#### COLLECTED DATA
⁂
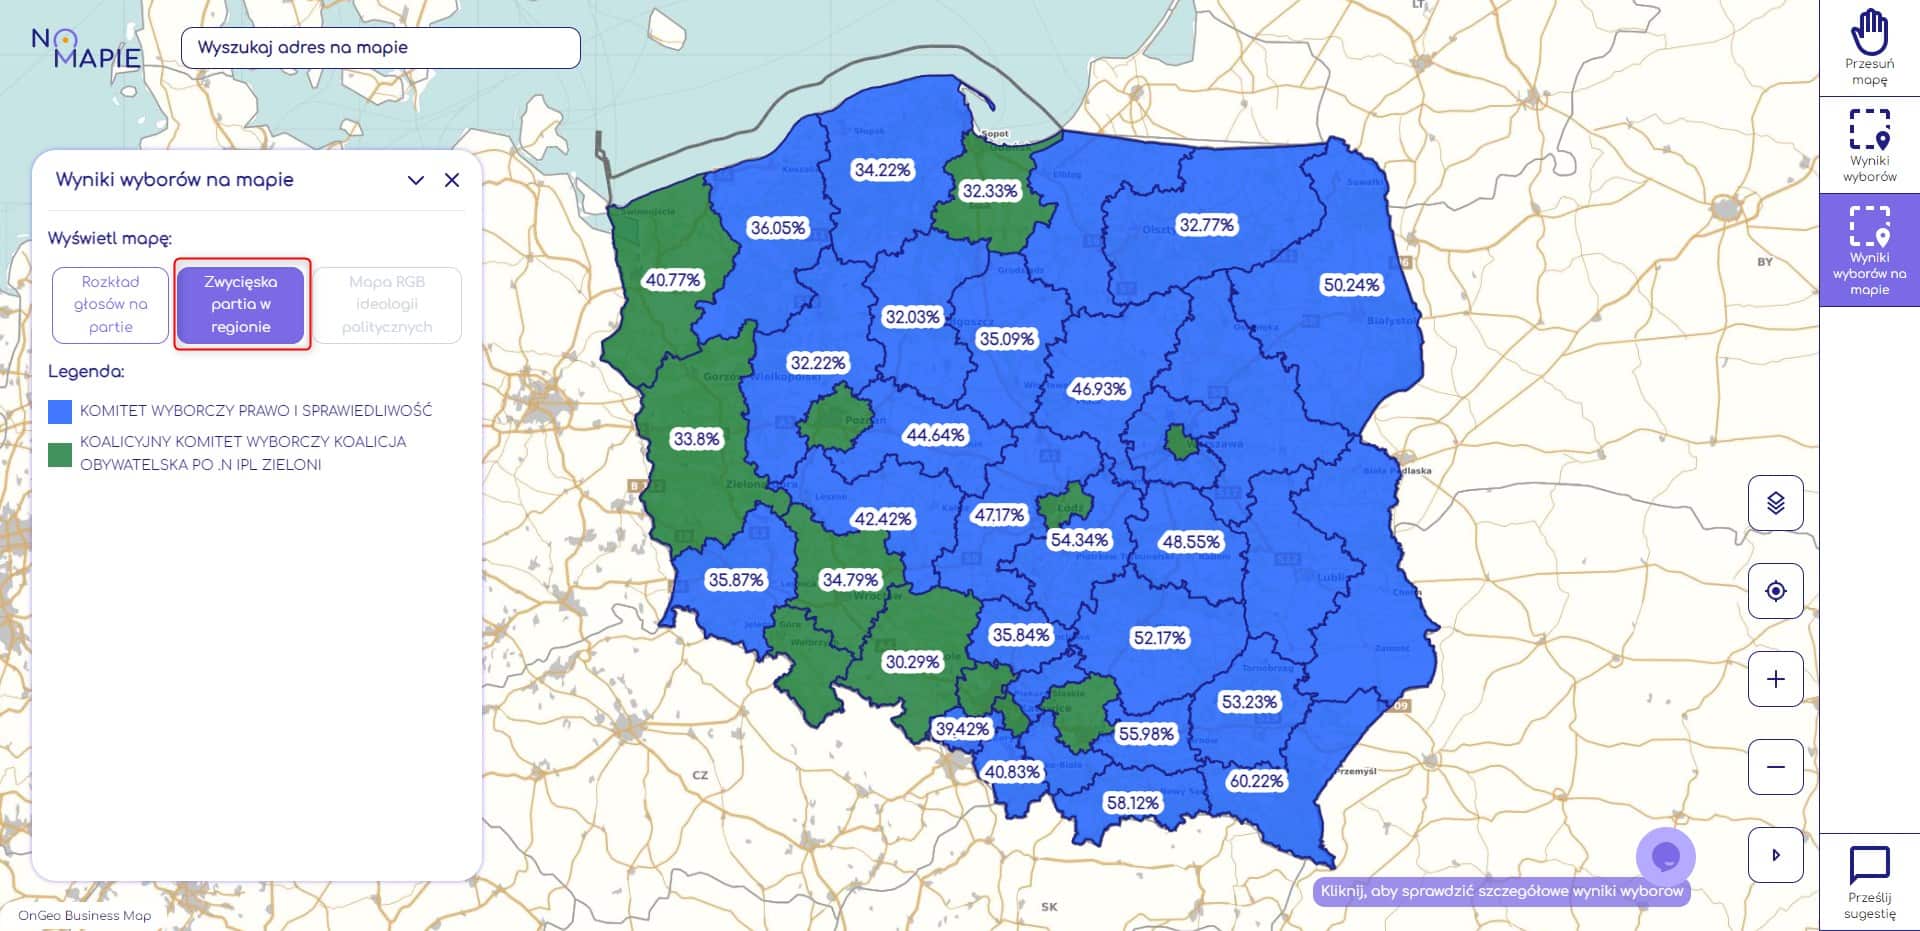 Mapa wyborów, która partia zwyciężyła w poszczególnych okręgach wyborczych
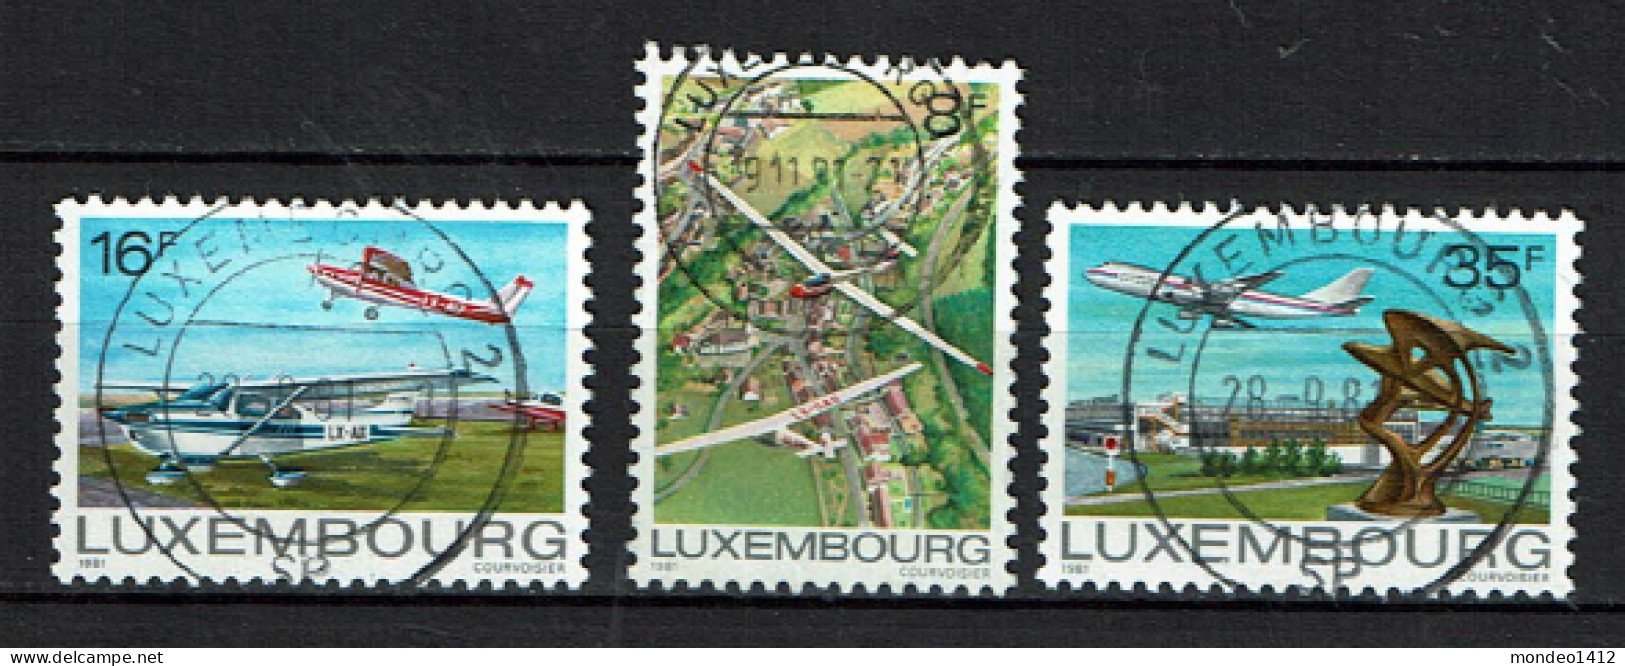 Luxembourg 1981 - YT 987/989 - Aviation, Airplanes, Luftfahrt - Gebruikt
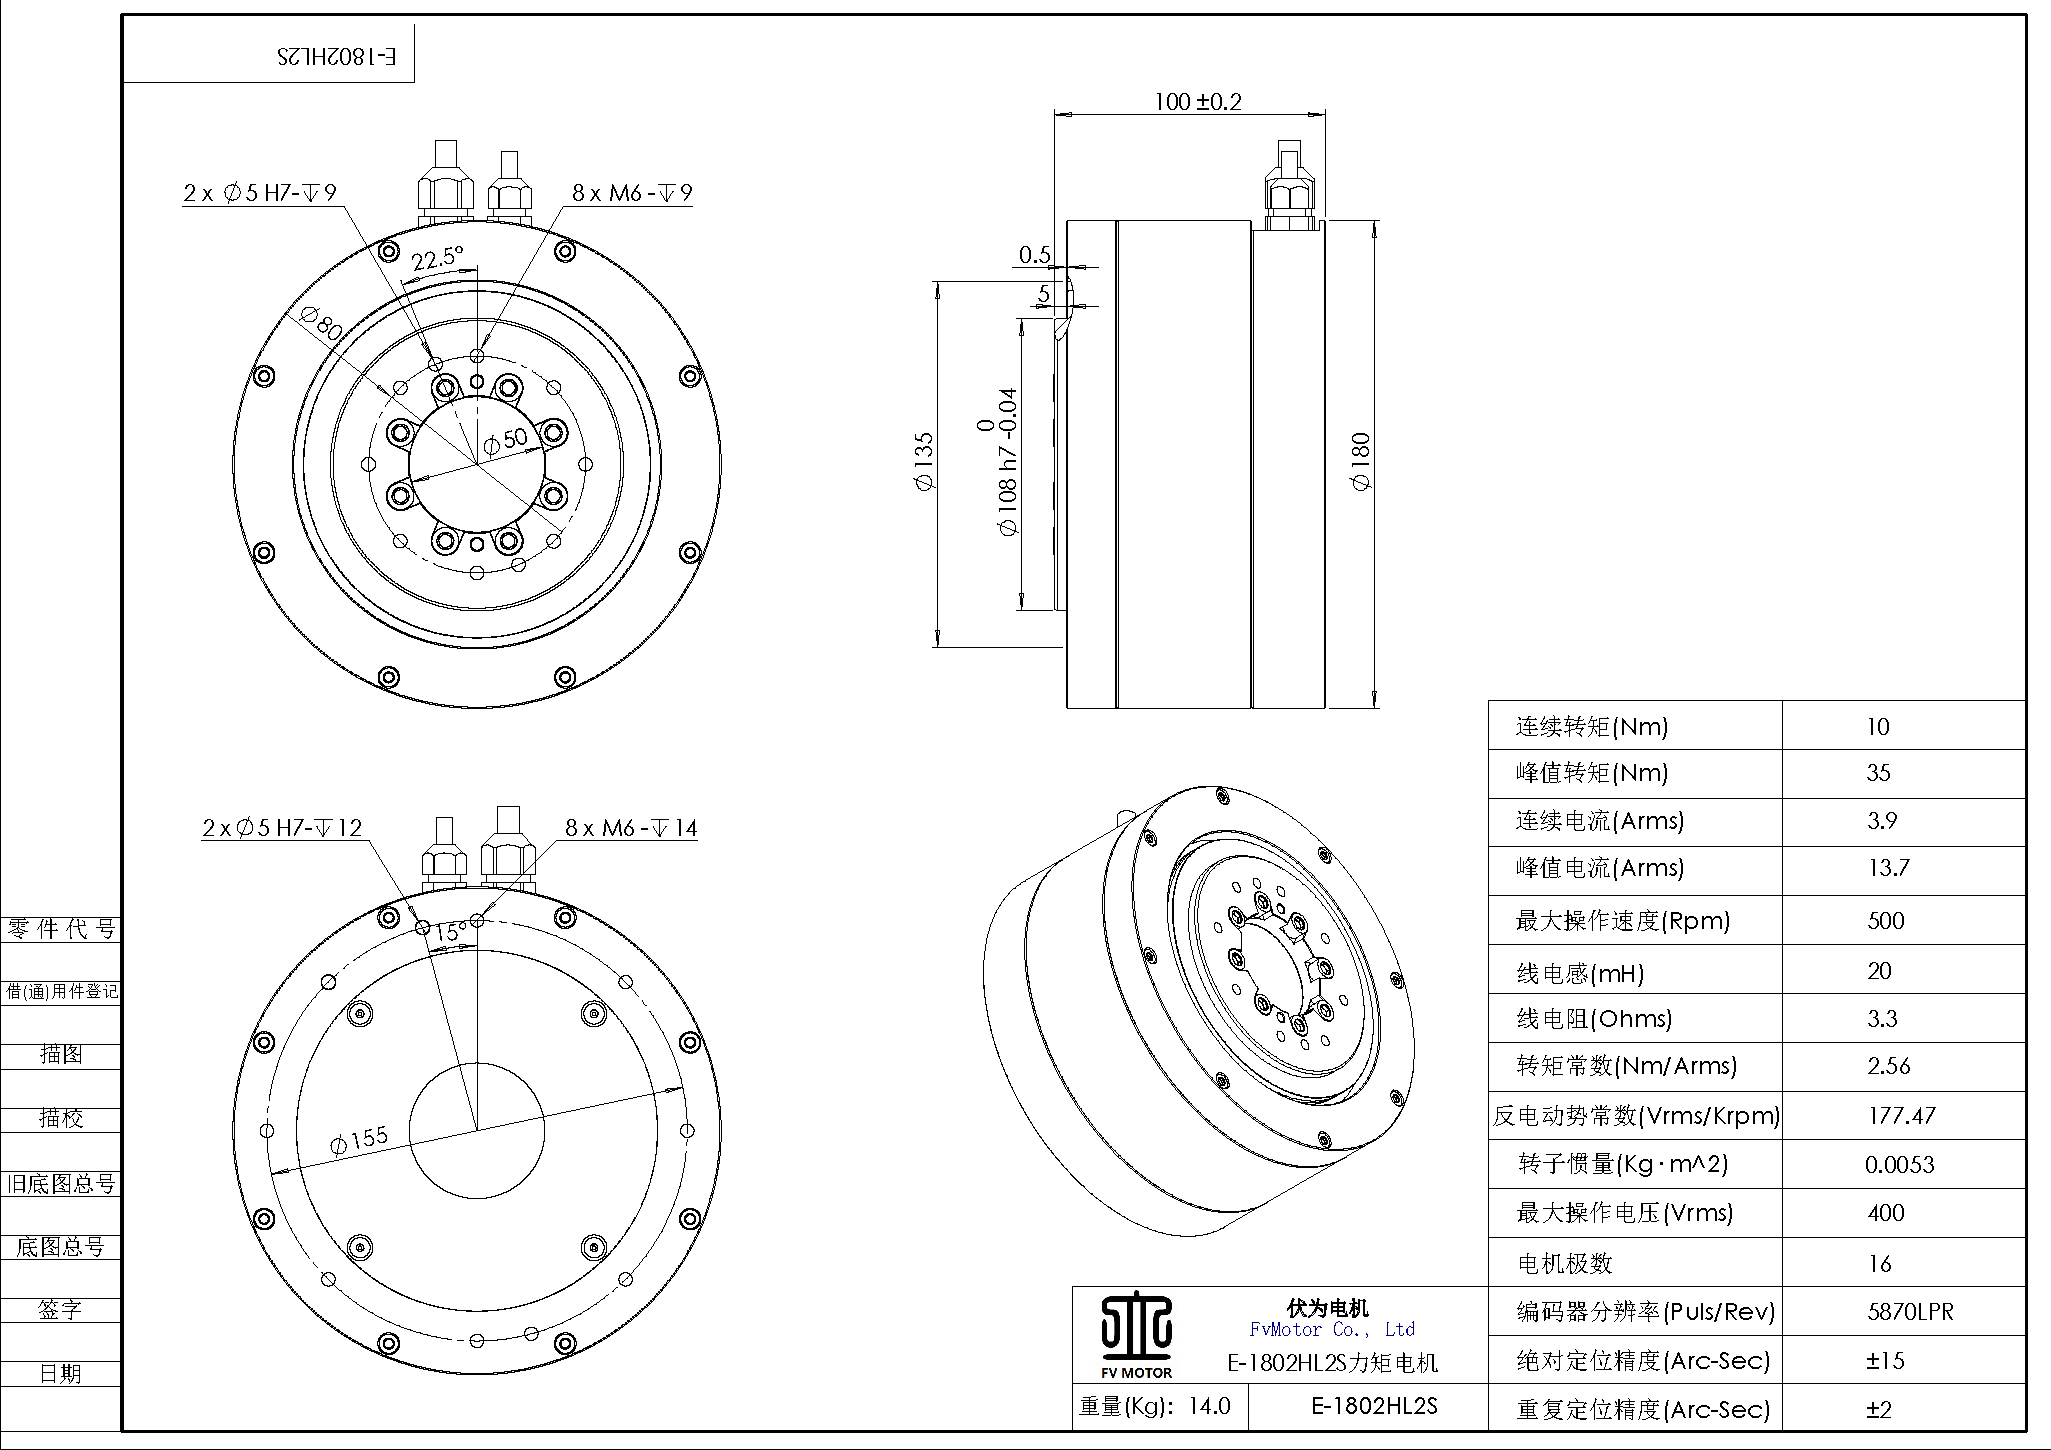 FV.E-1802HL2S电机工程图.png
⁂
#### WHAT THE TASK ASKS
Your copy should run from the line that has "Luxembourg 1981 - YT" through the last line above, exactly, with both ends in and pictures out.

#### ANSWER FOR THE TASK
 Luxembourg 1981 - YT 987/989 - Aviation, Airplanes, Luftfahrt - Gebruikt
 FV.E-1802HL2S电机工程图.png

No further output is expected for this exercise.